One other factor that Bayer noted was the team is trying to incorporate healthier alternatives to conventional building materials, including linoleum and hemp. Though the project is still in the design phase and the team is still exploring its options, Bayer said that she is particularly concerned with vinyl flooring like luxury vinyl tile (LVT), which is toxic and made from fossil fuels. Prior to the 2022 Uyghur Forced Labor Protection Act, it was also largely produced in Chinese facilities that utilize forced labor. “We need better alternatives,” she says.
Additionally, Bayer hopes to cut the embodied carbon of other materials used in construction. “We have numerous ways to lower the embodied carbon of concrete,” she says. “We’ve advocated for ground glass pozzolan instead of fly ash or slag, which is a much healthier cementitious material than those other two replacements. It could also be locally sourced from residential glass recycling.”

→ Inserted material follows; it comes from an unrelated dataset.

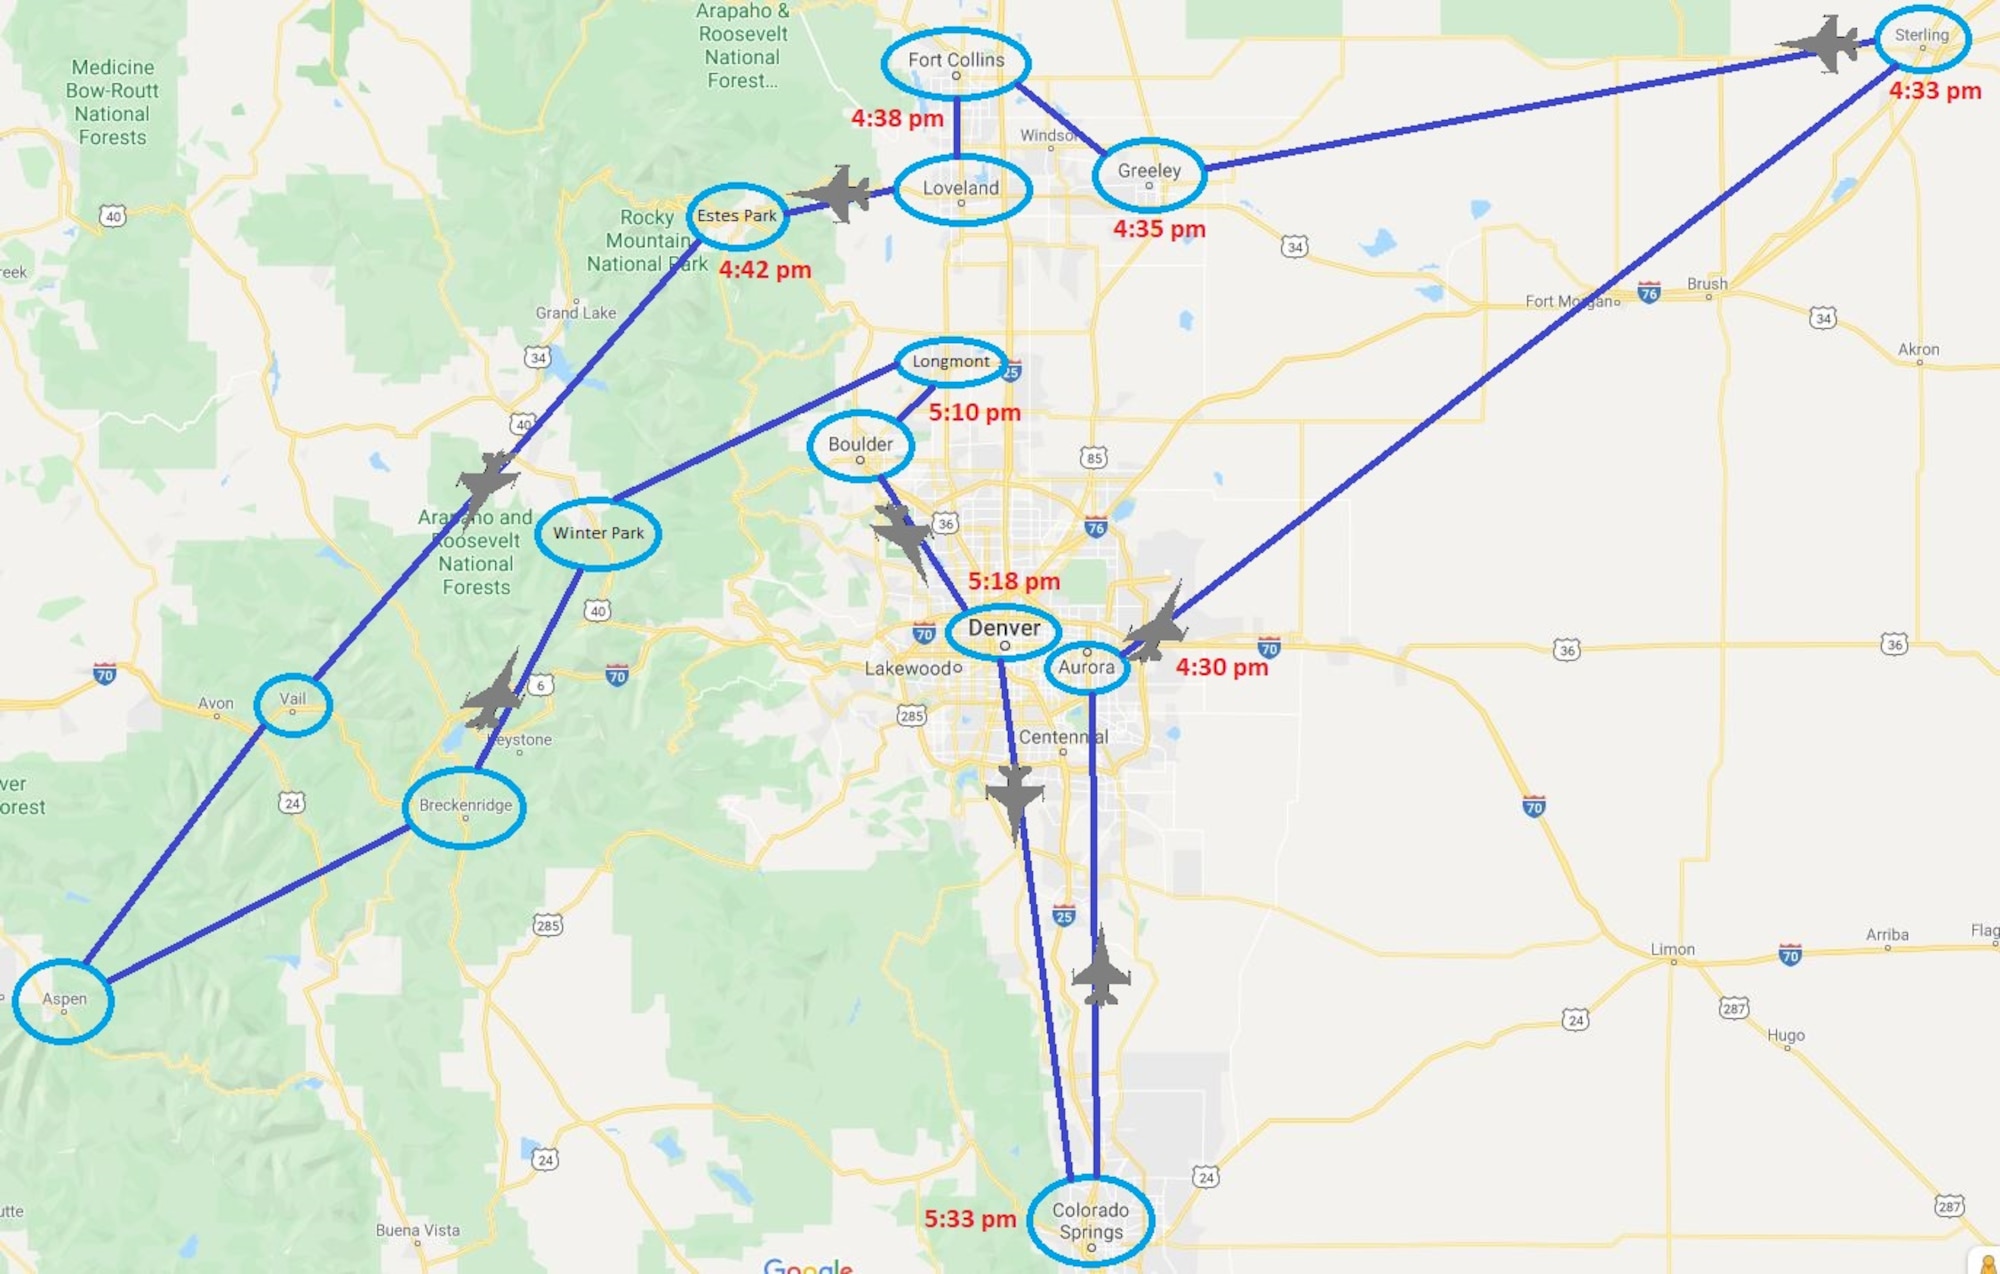 Map of Colorado with flight path

Though construction will not be complete until 2026, the Highbridge has already received a Buildings of Excellence award and a Blue Ribbon for Design Excellence award during the third round of the New York State Energy Research and Development Authority’s Buildings of Excellence competition. During the award ceremony, Rosalie Genevro of the Architectural League praised the project for its vision.
“Highbridge deeply impressed the jurors with its high ambition and integrated resolution of every aspect of the project, from its relationship to a topographically challenging site, to material selection, to a construction process designed to minimize waste, to the careful consideration of resident and visitor experience of building entries and circulation,” Genevro said.